While I am not aware of a study that has formally studied the accuracy of these new systems, Elicit.org, an academic search engine akin to the new Bing (except searching over only academic papers from Semantic Scholar) has a roughly 70% accuracy rate in extracting characteristics of papers.
I expect accuracy rates to improve but answers should never be trusted without verifying from the source.
The answers given also heavily rely on what are the top ranked documents, you may want to prompt the system to ask for any more information by prompting it with “more results”, “more information” etc.
If you are looking for academic only information, you might want to use equalvants to Bing or Perplexity search except that they cover only academic papers (akin to Google Scholar). These currently include, Elicit.org, Scite.ai’s beta ask a question, Consensus.app and Scispace. Lastly, see the newly announced CORE-GPT application which combines “Open Access research and AI for credible, trustworthy question answering".
Of these, Elicit.org is the most mature, and I will review it in a future ResearchRadar piece.
Finally, if accuracy is paramount, Bing currently offered a “More Precise” mode which you can use. It tends to be even less likely than the default “More balanced” mode to be wrong but at the cost of refusing to answer or giving very sparse replies.
Conclusion - Is adding search definitely better?
In this piece, I briefly compared using LLMs alone with the new search engines like the new Bing and Perplexity.ai that combine traditional search engines with LLM to extract answers directly. While for information retrieval tasks, it seems to me the latter is preferred, there are other use cases where you might just want to use a LLM such as ChatGPT or GPT4 alone without search.
For example, if you use Bing and asked it to role-play a historical figure and his views on a new topic, Bing might search and find no relevant results and refuse to play along. While doing it with just a large language model alone it tends to try to do the requested task. You can try to stop Bing from searching by prompting it to “Do NOT search” or “There are no relevant results” but it does not always comply.

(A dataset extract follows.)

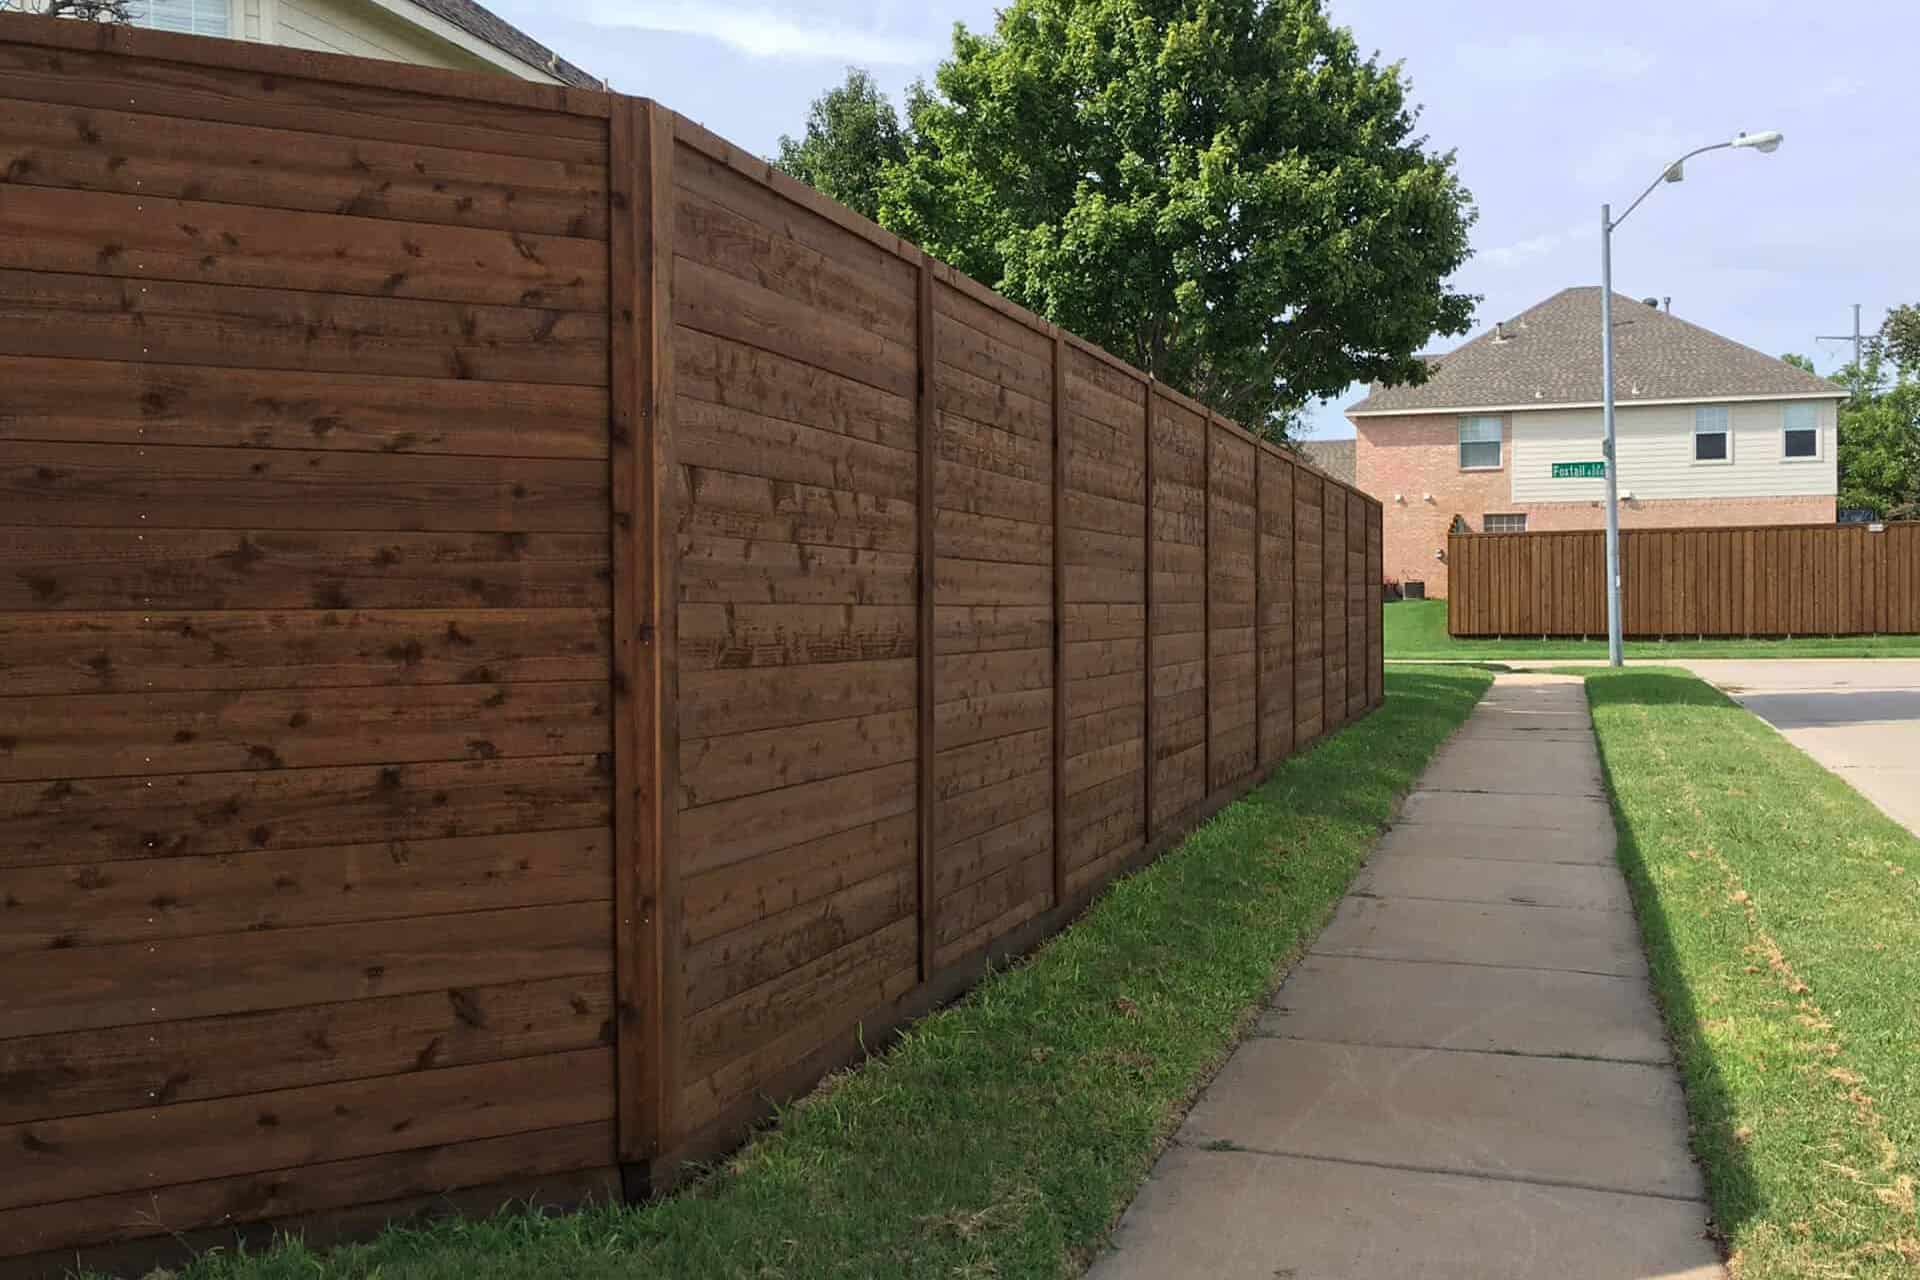 Why Use Cedar Fencing in Houston, Texas?

The line for when to encourage it to search or not search is not entirely clear to me, for example, people have been testing ChatGPT heavily to see how good it is at generating boolean searches for systematic review. Would using the new Bing which can add information from webpages help? On one hand, it might help that it can extract and reuse hedges/filters from pages such as this, on the other hand, the content from the search results might distract and worsen the generated answer.
All in all, this new class of search engines is something unprecedented, while it typically acts like a Q&A search engine by searching for webpages and extracting results, it can also answer without searching like a typical conversational bot.
See example below where Bing acts like ChatGPT, GPT4 and creates a poem from scratch for a proof of the infinity of primes without searching.
More research is needed on this new class of tools.